QuantInt8MkldnnPass¶
- class paddle.fluid.contrib.slim.quantization.quant_int8_mkldnn_pass. QuantInt8MkldnnPass ( _scope=None, _place=None ) [source]
-
Convert QuantizationFreezePass generated IrGraph to MKL-DNN supported INT8 IrGraph. Following transformations did in this pass:
Convert int8 range weights with float32 data type, which are generated by the QuantizationFreezePass, to float32 range weights with float32 data type by using the corresponding scales. This conversion is because MKL-DNN INT8 conv2d kernel and mul kernel now only support float32 weights input, hence weights quantization will happen inside the conv2d and mul INT8 kernel.

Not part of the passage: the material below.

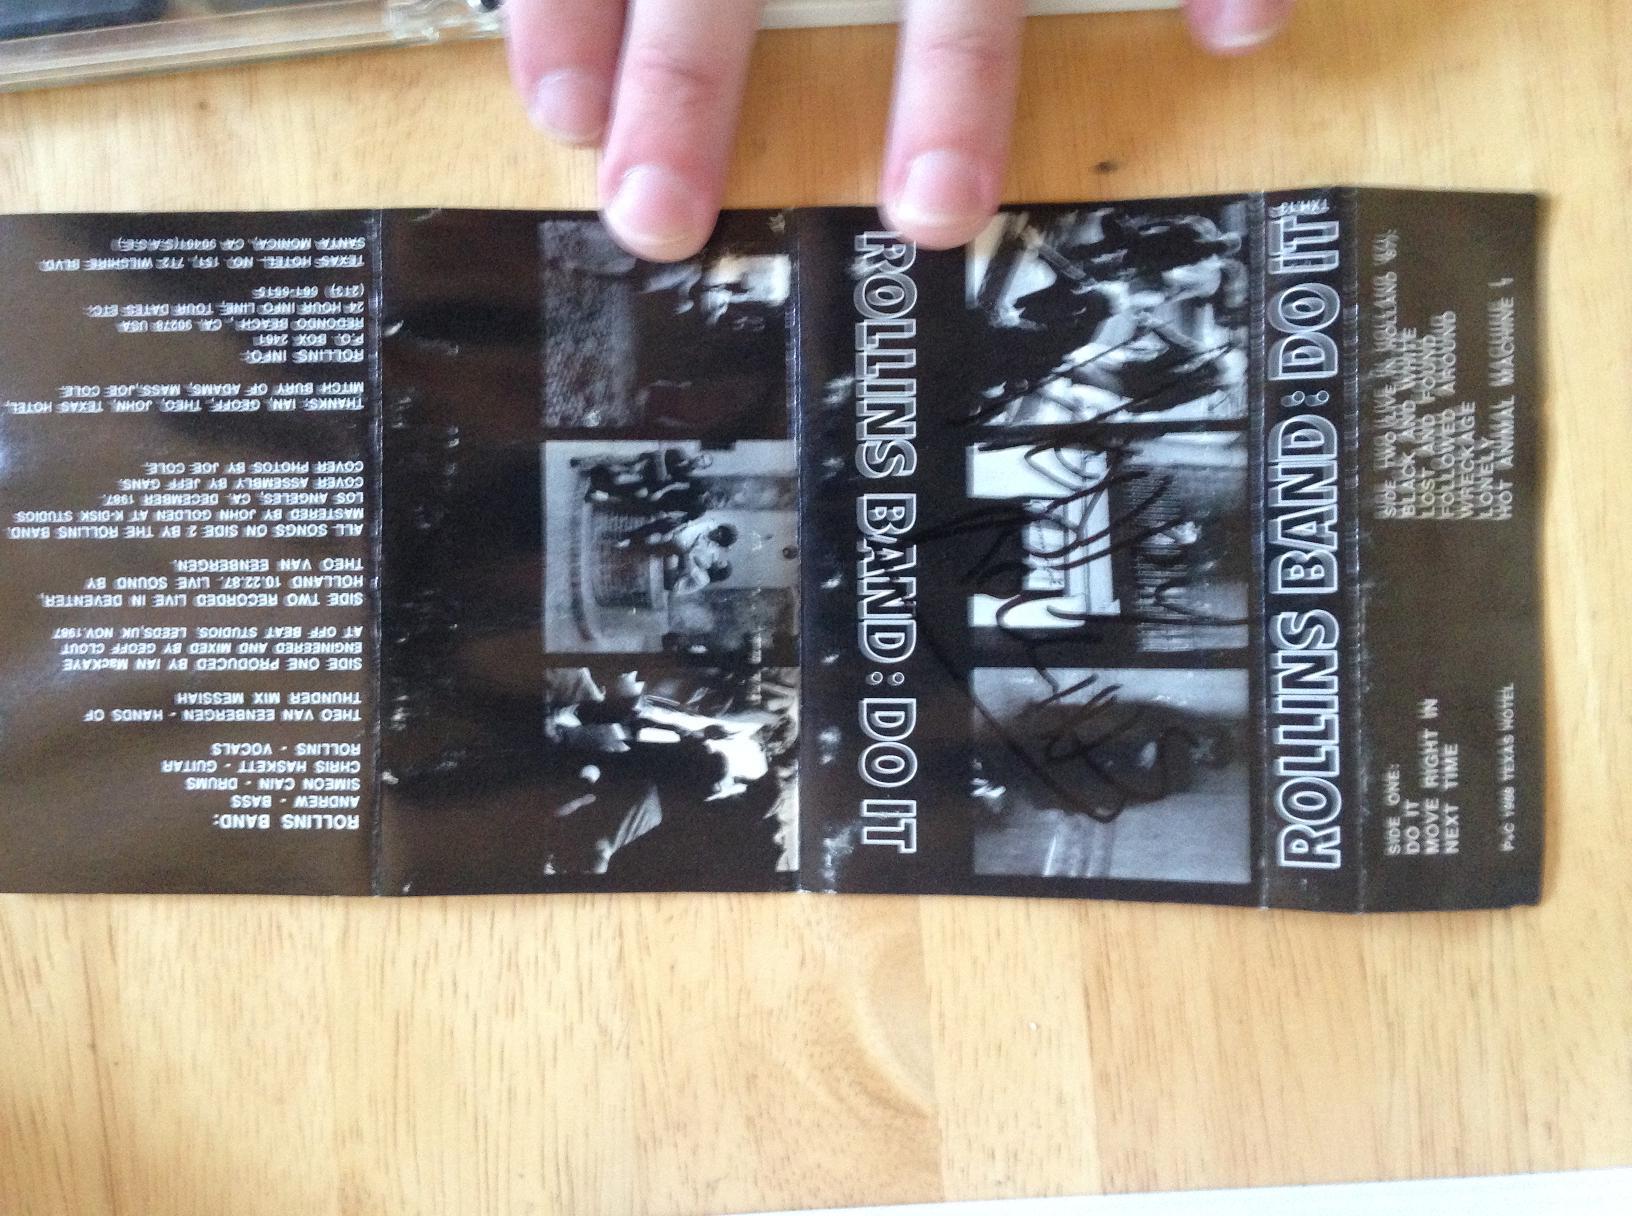 rollins band do it cassette 3

Create the new conv2d or mul op with the converted weights and link its output to fake_dequantize_abs_max op’s output and set conv2d’s attribute “force_fp32 _output” as true
Transform fake_quantize_xx op to quantize op
Remove fake_dequantize_abs_max op
-
apply
(
graph
)
apply¶
-
Quantize the graph for running MKL-DNN INT8 inference. According to activation quantization type, the graph will transform fake quantize ops to quantize ops and remove the fake dequantize ops.
- Parameters
-
graph (IrGraph) – the applied graph.